It’s a very clever idea; Hnath’s play garnered eight Tony Award nominations and is currently the most frequently produced play in America, including three in Maine this season.

I found Hnath’s writing annoyingly didactic at times, but Good Theater delivers a stunning production, mostly due to the acting abilities of its cast, led by a powerful, bravura performance by Abigail Killeen, a Bowdoin College theater professor who specializes in women’s issues. Here in “Part 2” she still plays the familiar Nora, but now she’s dealing with stemming from her earlier actions.

James Noel Hoban serves nicely as Nora’s husband, her principal foil, while Maureen Butler and Hannah Daly also give excellent performances – again as foils to Nora. Good Theater co-founder Steve Underwood directs.

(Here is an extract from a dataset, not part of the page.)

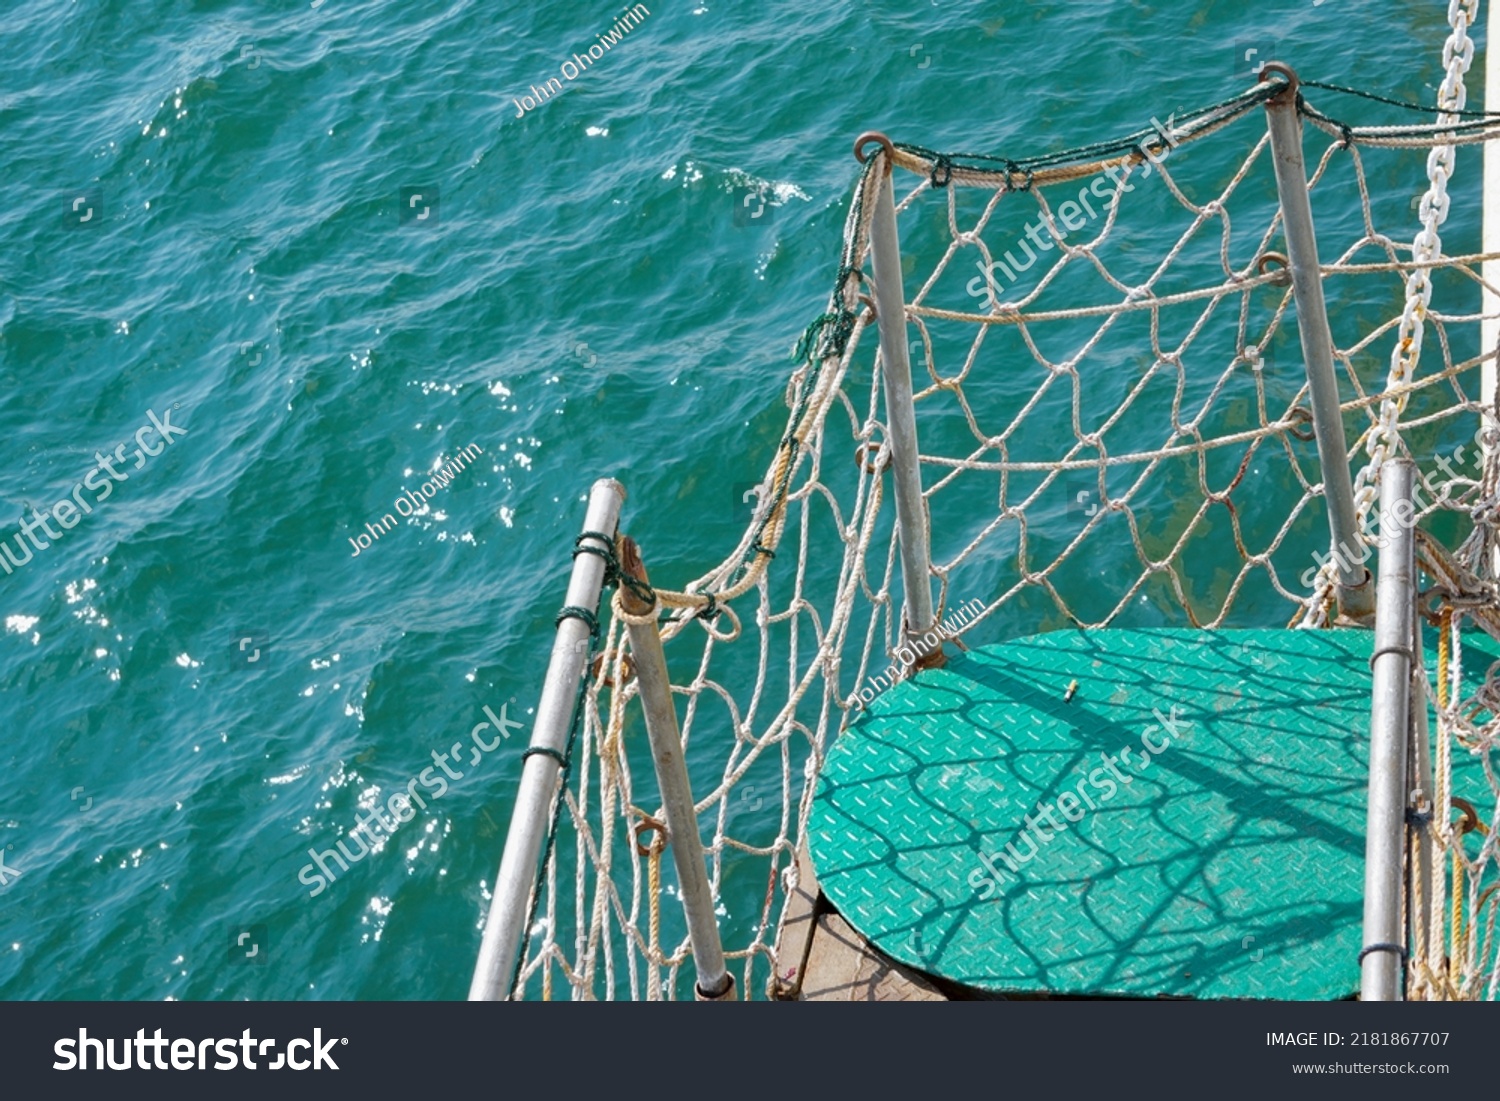 Stairs or walkways on passenger ships which are fenced with nets to maintain the safety of passengers. This photo is just right for shipping safety needs etc.                 #2181867707

Good Theater presents “A Doll’s House Part 2” at the St. Lawrence Arts Center, 76 Congress St. (top of Munjoy Hill) in Portland through March 17, with 7 p.m. performances Wednesday and Thursday, 3 p.m. and 7:30 p.m. Saturday, and 2 p.m. Sunday. Call 835-0895.

‘The Sound of Music’

One of the most popular Broadway shows in history is coming to Merrill Auditorium this weekend. “The Sound of Music,” which broke all sorts of sales and patronage records and copped five Tony Awards, including Best Musical, when it debuted in 1959, will be presented by Portland Ovations.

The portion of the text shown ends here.